The world's most valuable brands - Apple still ripe, Lego arrives, but Nintendo falls for first time

By Lucy Carroll | 6 October 2015

Apple and Google have again nabbed the top spots in Interbrand's annual report of the world's most valuable brands.

Tech players now make up about a third of the consultancy firm's top 100 companies, a marked difference from five years ago when soft drink giant Coke headed the list.

This year, Apple has retained first place – a position it's held since 2013 - with an estimated worth of $170 billion, a huge 43% increase on last last year. Google, in second spot, has had a 12% rise in brand value, with a $120 billion valuation.

Four other tech companies have snagged top 10 positions on the list, including Microsoft ($67 billion, a lift of 11%), IBM ($65 billion, down 10%), Samsung ($45 billion, no change) and Amazon – which has moved into tenth place - up 29% to $37 billion.

Other brands in the top ten include Coca-Cola, Toyota, General Electric, and McDonald's.

Facebook has jumped six places to now be ranked 23rd, with an increase in value to $22 billion, a massive 54% lift. Adobe is also a top riser, jumping nine places to 68th with an estimated value of $6.2 billion, up 17%.

Media companies to make the list include Disney, Thomson Reuters, Discovery and MTV.

Nintendo and Nokia both dropped from the top 100 list for the first time.

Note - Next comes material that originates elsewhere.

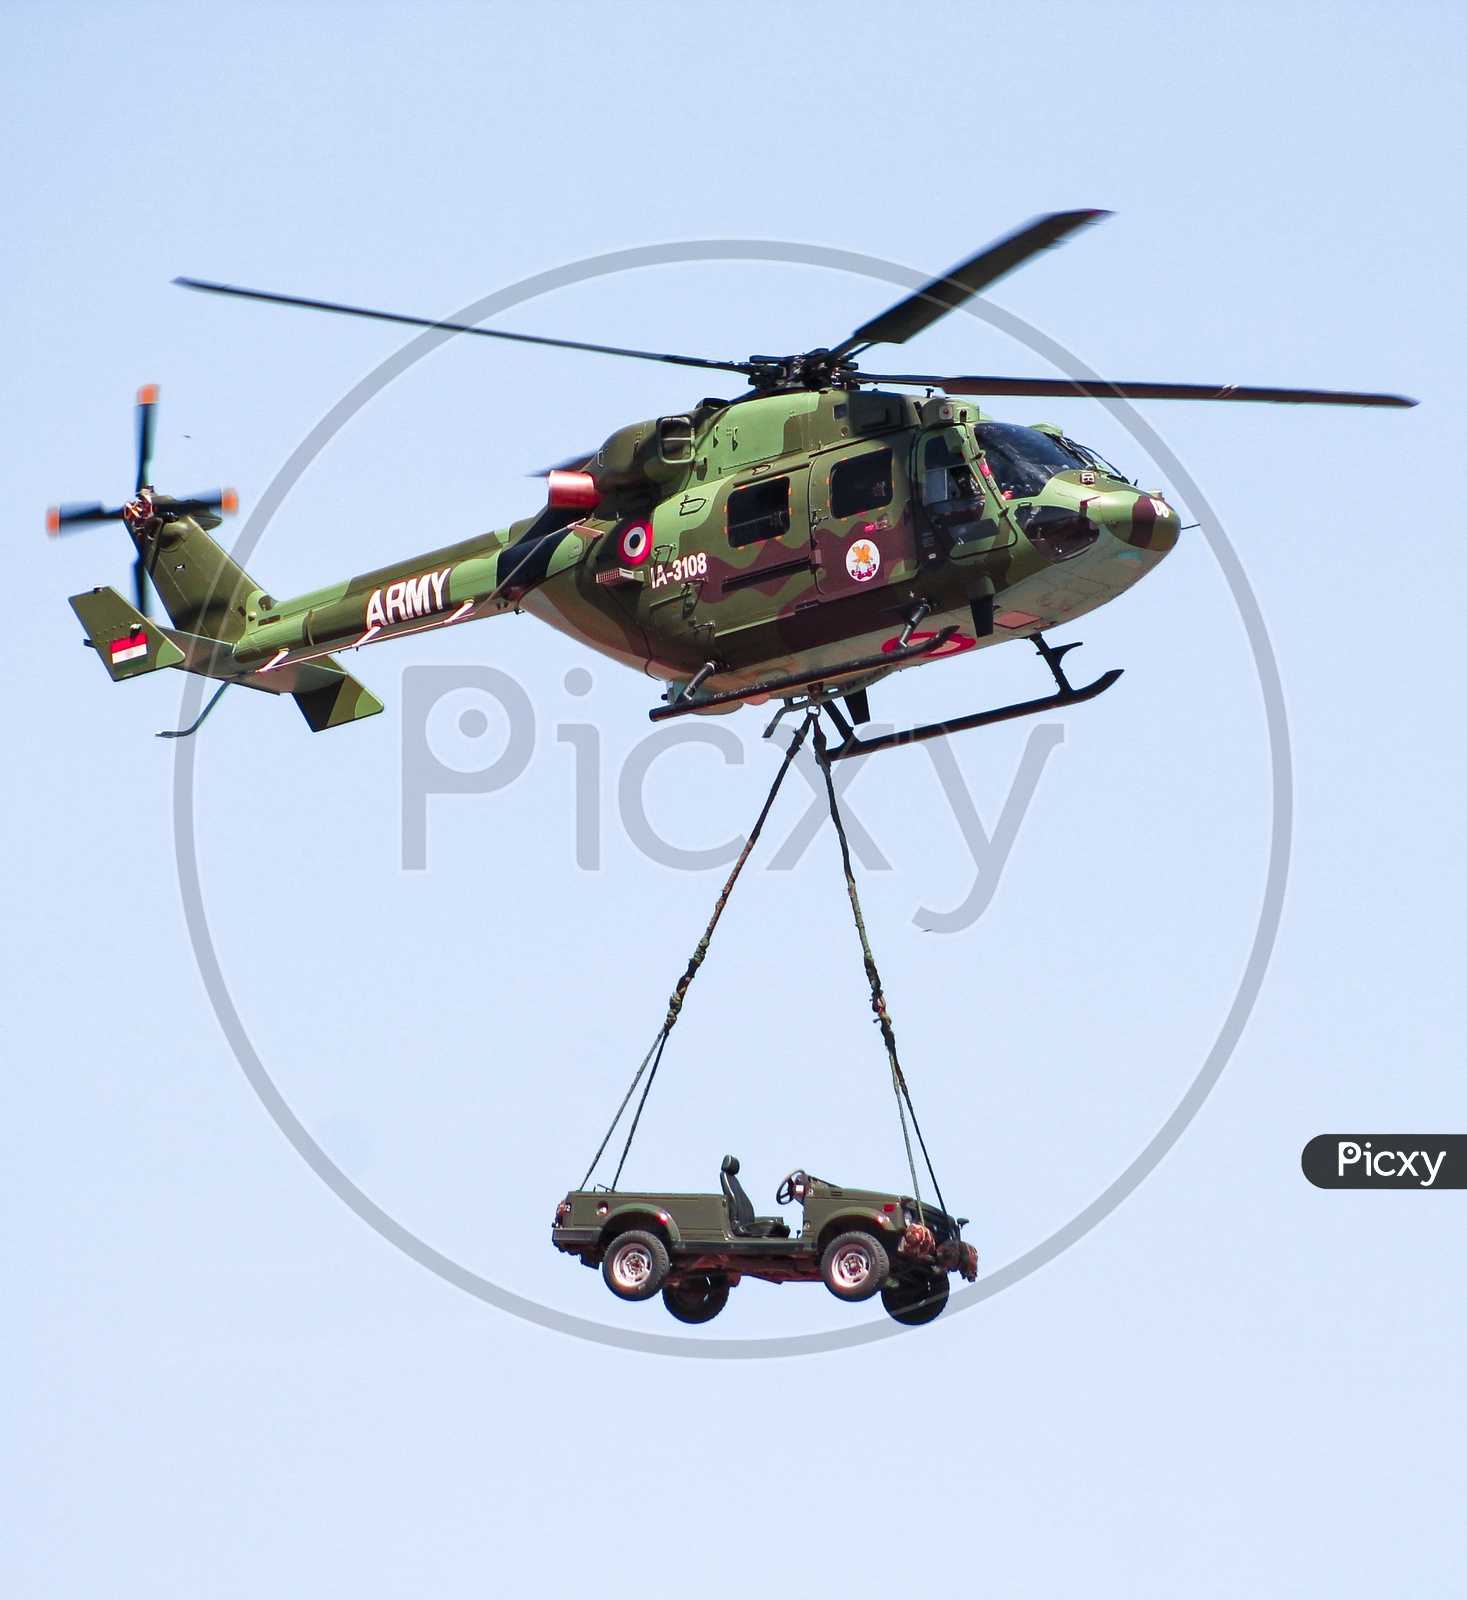 Dhruv Helicopter with Jeep

Interbrand Japan CEO Yuki Wada is reported to have said Nintendo was snubbed because the "Kyoto-based game-maker is not keeping up with changes in people’s lives," pointing to "its failure to jump on the smartphone game bandwagon in a timely manner.”

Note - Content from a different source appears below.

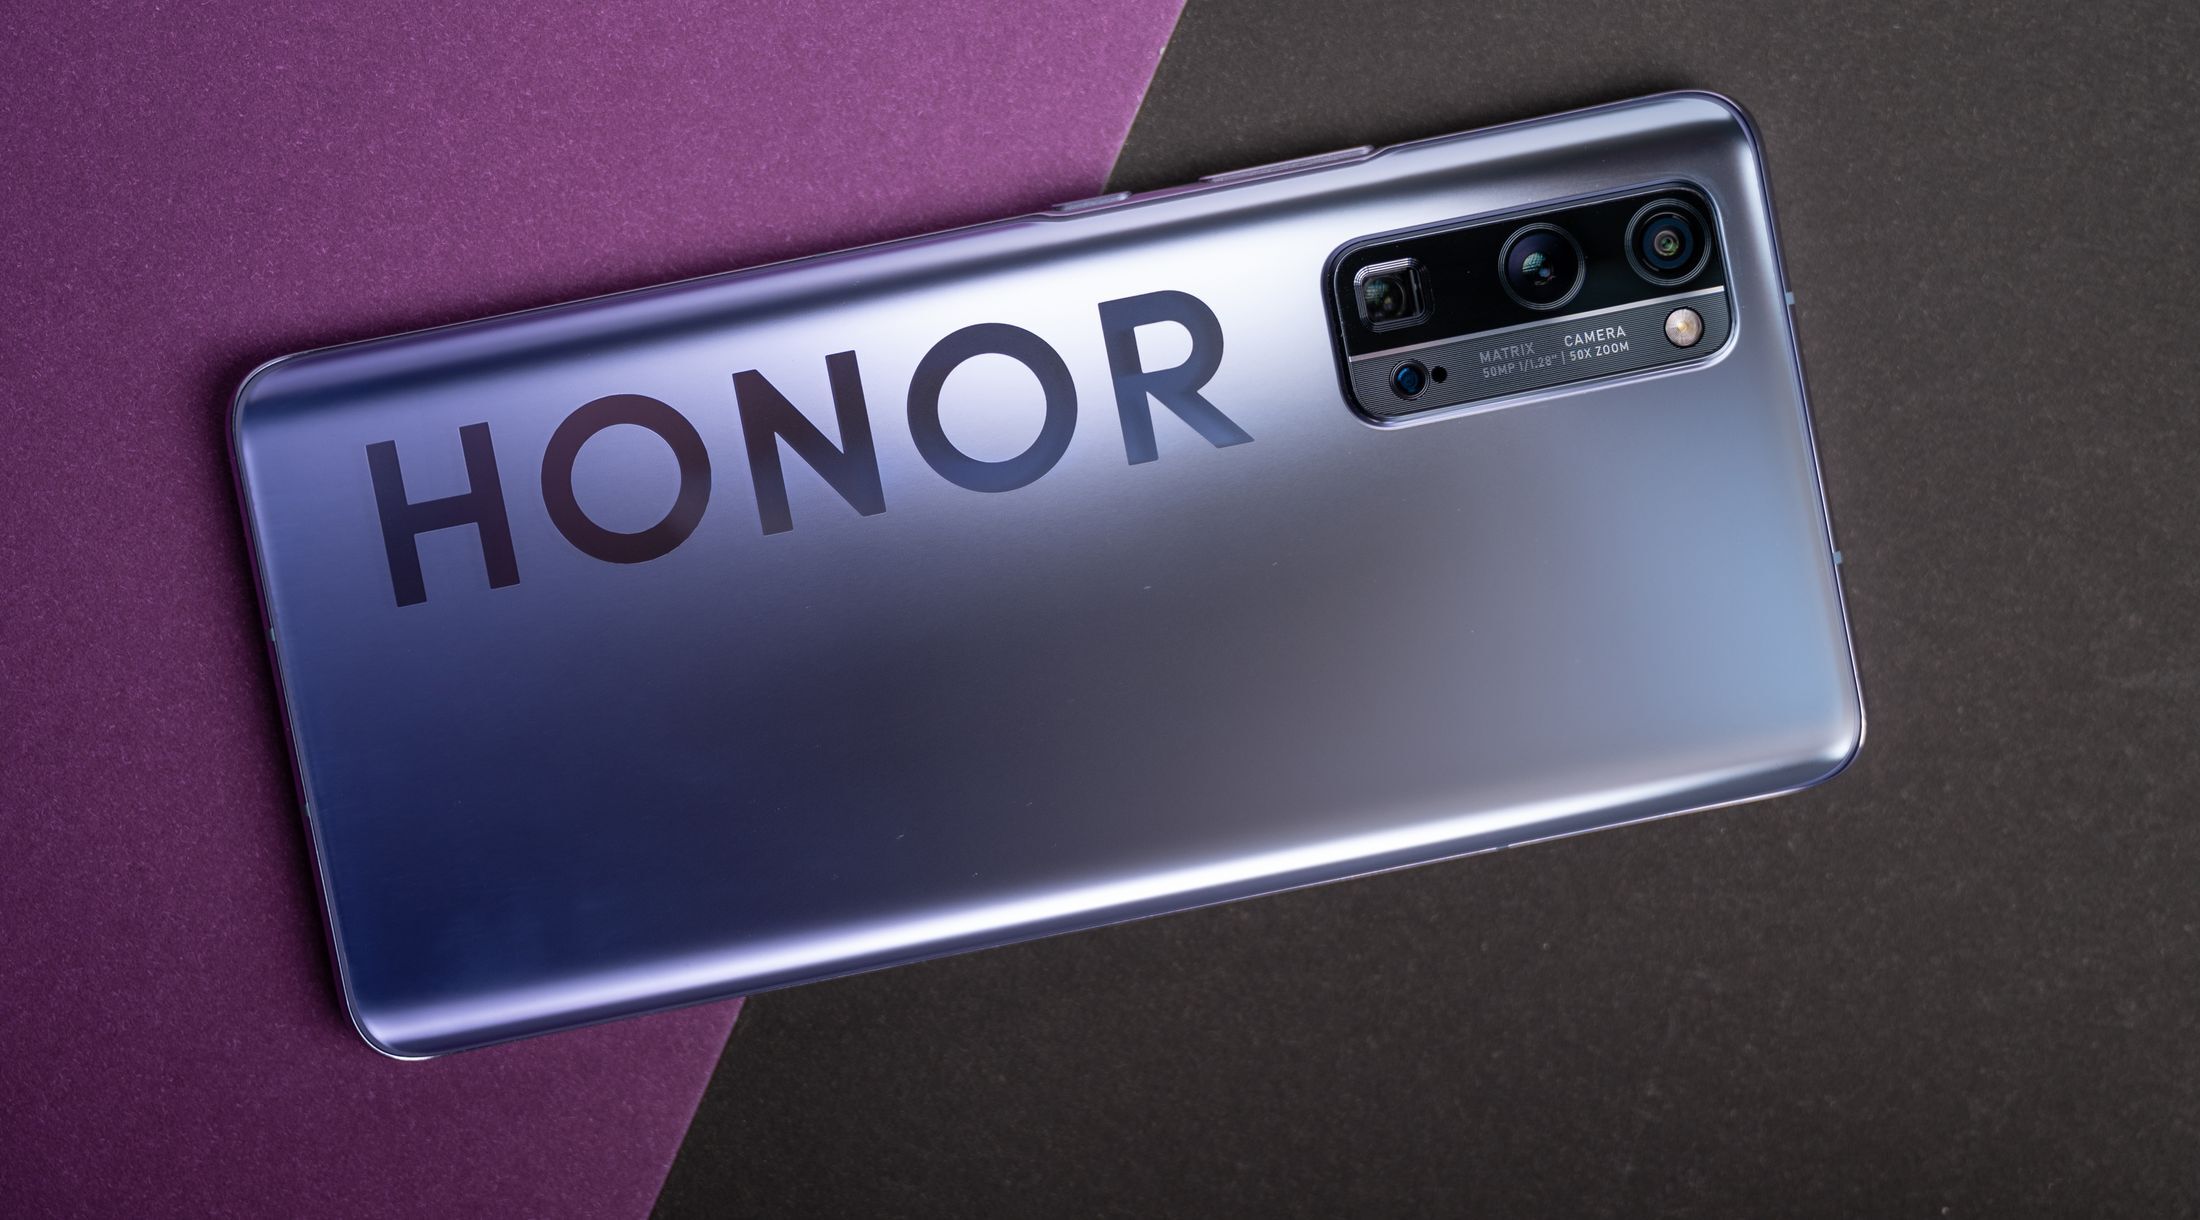  Honor      Android  Huawei

EBay has had a small drop, down four places, with a value of $13.9 billion and Paypal jumped onto the list for the first time, at 97th, with a valuation of $4.2 billion.

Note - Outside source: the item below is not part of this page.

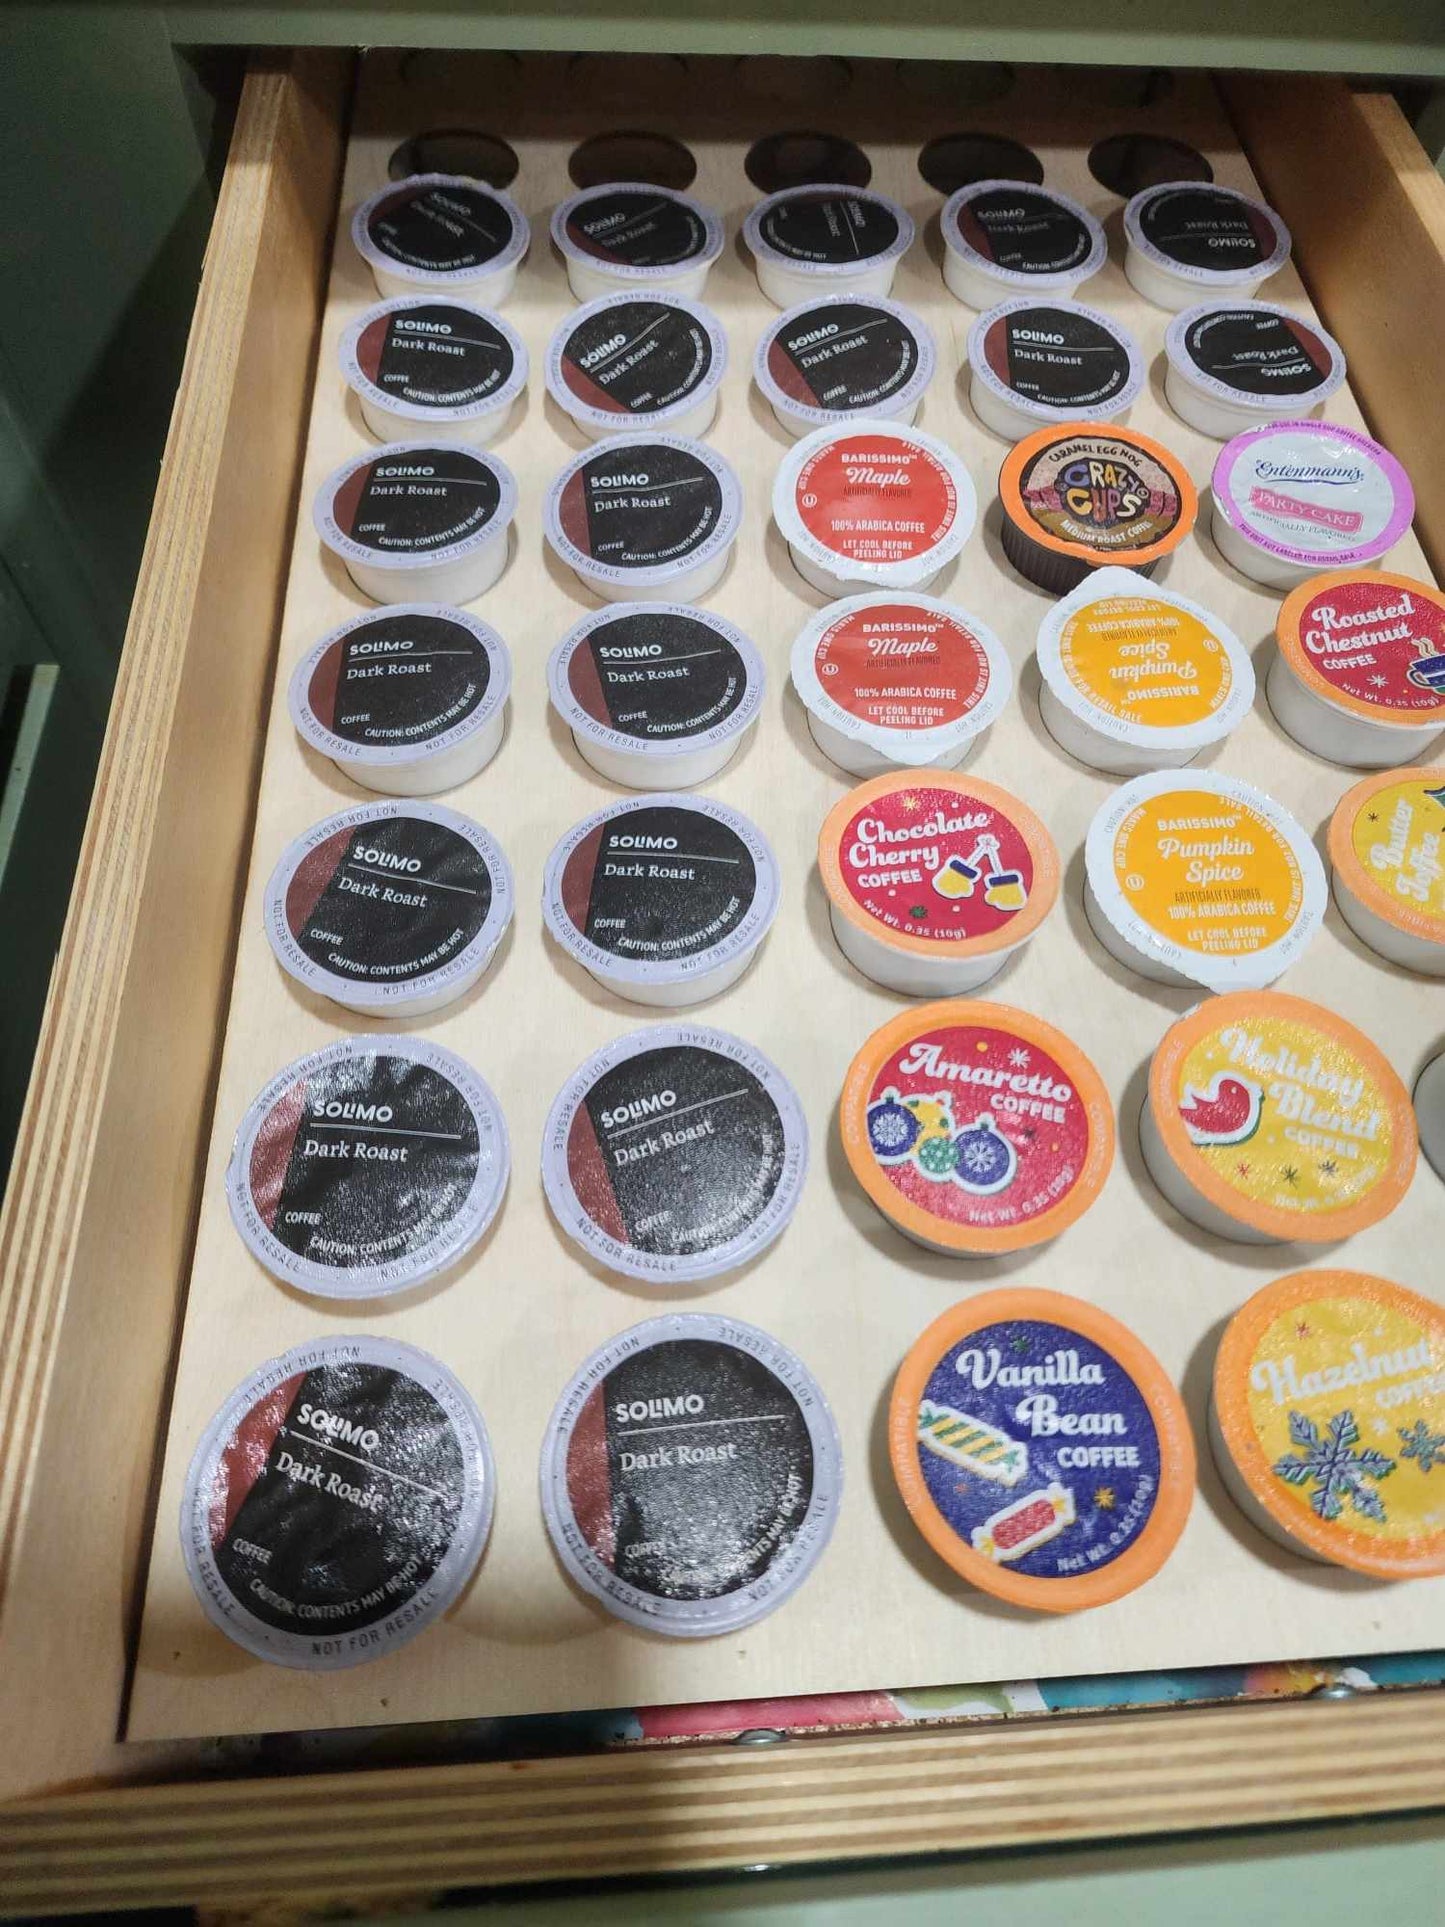 Shows a coffee k cup drawer organizer full of coffee pods

The list and valuations are compiled using a combination of the brands’ revenue, its importance in a consumer’s life and brand loyalty.

Notable drops include Volkswagen falling four places to 35th, with a 9% loss in value to $12.5 billion (the list was compiled before Volkswagen admitted to fitting millions of vehicles with software capable of cheating diesel emissions tests).

Gucci is down 14%, now valued at $8.8 billion and Kellogg and McDonald's are both down 6%. Hermes, Nissan, 3M, Mastercard and Starbucks have all had big rises over 10%.

Lenovo, Moet & Chandon, Lego and Mini have all made their debut on the list this year.